BigQuery has introduced many new features over the Summer months. In this post, we'll briefly overview the five that we find the most exciting which could greatly benefit your data workflows.
BigQuery added an ability to group by an array or struct. Grouping by these complex data types can simplify queries where you would otherwise have to access individual fields to achieve the same outcome. In the case of GA4 export, for example, we can now GROUP BY the geo field instead of individually specifying each of the six nested fields for a detailed geo aggregation.
SELECT
geo,
COUNT(*) AS events
FROM
`analytics_123456789.events_20240926`
GROUP BY 1
ORDER BY events DESC
All six geo fields are included in the output.
Example of an output
The short query optimized mode allows the user to run their queries in a lower latency mode, perfect for dashboards and quick interactive queries. If BigQuery determines that running a query in this mode is possible, it will provide the rows of the results considerably quicker but will not create the usual job. Therefore, there will be no jobReference available.
Table Explorer gives users a quick overview of the values and distributions in selected fields of individual tables. On top of that, it also provides queries responsible for the outputs to help kick off the explorations.
Change History in BigQuery, as the name suggests, allows you to query the history of changes (update, delete, insert, merge, stream...) in any table. You can query up to seven-day history of changes (less if the time travel window has been updated). On the other side the end timestamp value must be at least ten minutes old (changes made in the last 10 minutes are not accessible).
In the example below the query first creates a table (#1), adds new rows to it (#2), and then updates one of the existing rows (#3). In the snippet following the table creation and manipulation, we query the change table and review the outputs.
Create a test table:
#1 Create a new table
CREATE OR REPLACE TABLE explorations.Olympics_CHANGES
OPTIONS(enable_change_history = True)
AS
SELECT "Tokyo" as City, 2020 as year
UNION ALL
SELECT "Beijing" as City, 2022 as year
UNION ALL
SELECT "Paris" as City, 2024 as year
UNION ALL
SELECT "Cortina" as City, 2026 as year;
#2 Add new cities
INSERT INTO explorations.Olympics_CHANGES VALUES ("Los Angeles", 2028);
INSERT INTO explorations.Olympics_CHANGES VALUES ("French Alps", 2030);
#3 Update a city
UPDATE explorations.Olympics_CHANGES
SET year=2021 WHERE City="Tokyo" AND year=2020;
Query for table changes using the CHANGES(TABLE, start_time, end_time) function.
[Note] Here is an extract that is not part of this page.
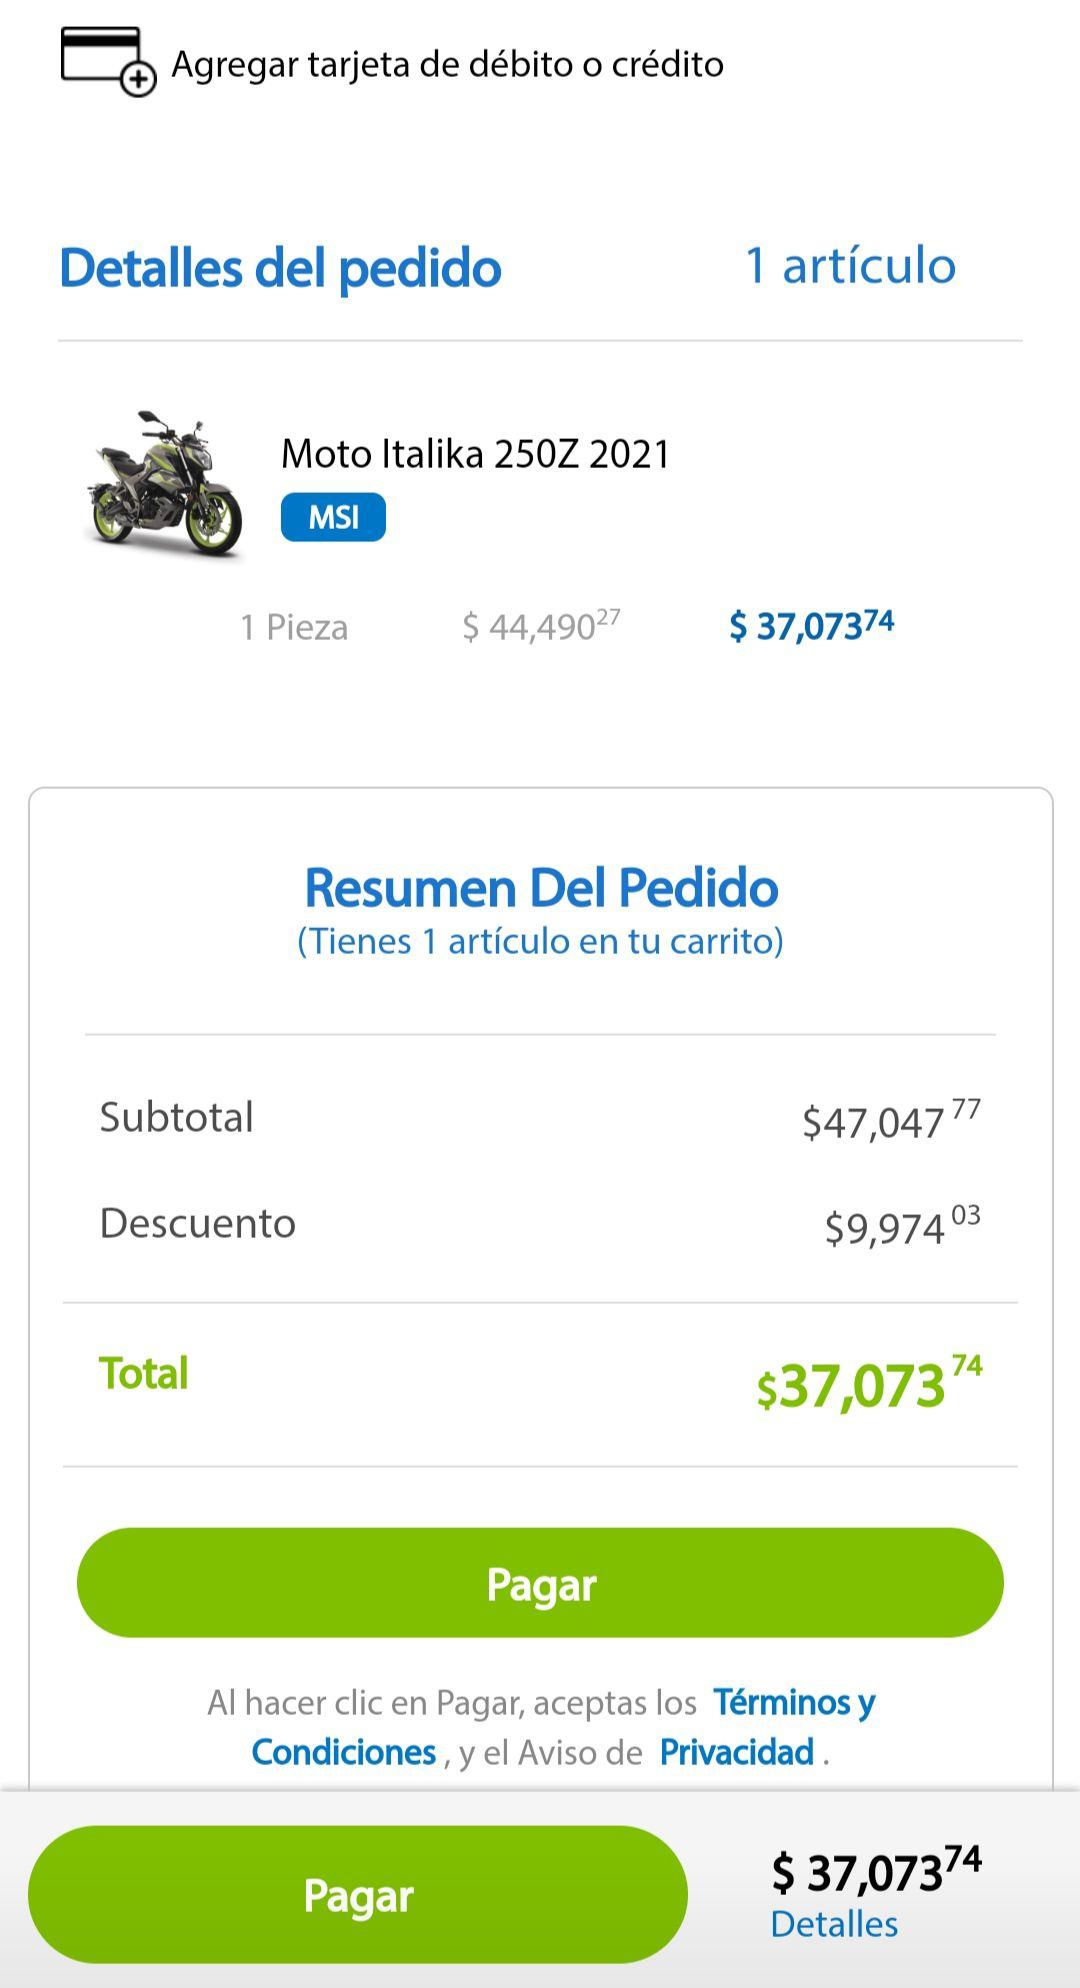 Sam's Club: Italika 250z 18 meses 3 mensualidades de ahorro hot days (Tarjetas participantes) 34573.74 con 15% de BBVA

If start_time is set to NULL it will look back to the creation of the table, end_time is required to be more than 600 seconds older than the current time.
# REVIEW CHANGES
SELECT
city,
year,
_CHANGE_TYPE AS change_type,
_CHANGE_TIMESTAMP AS change_time
FROM
CHANGES(TABLE explorations.Olympics_CHANGES,
NULL,
TIMESTAMP_SUB(CURRENT_TIMESTAMP(), INTERVAL 11 MINUTE))
ORDER BY change_time
The output of the CHANGES query above.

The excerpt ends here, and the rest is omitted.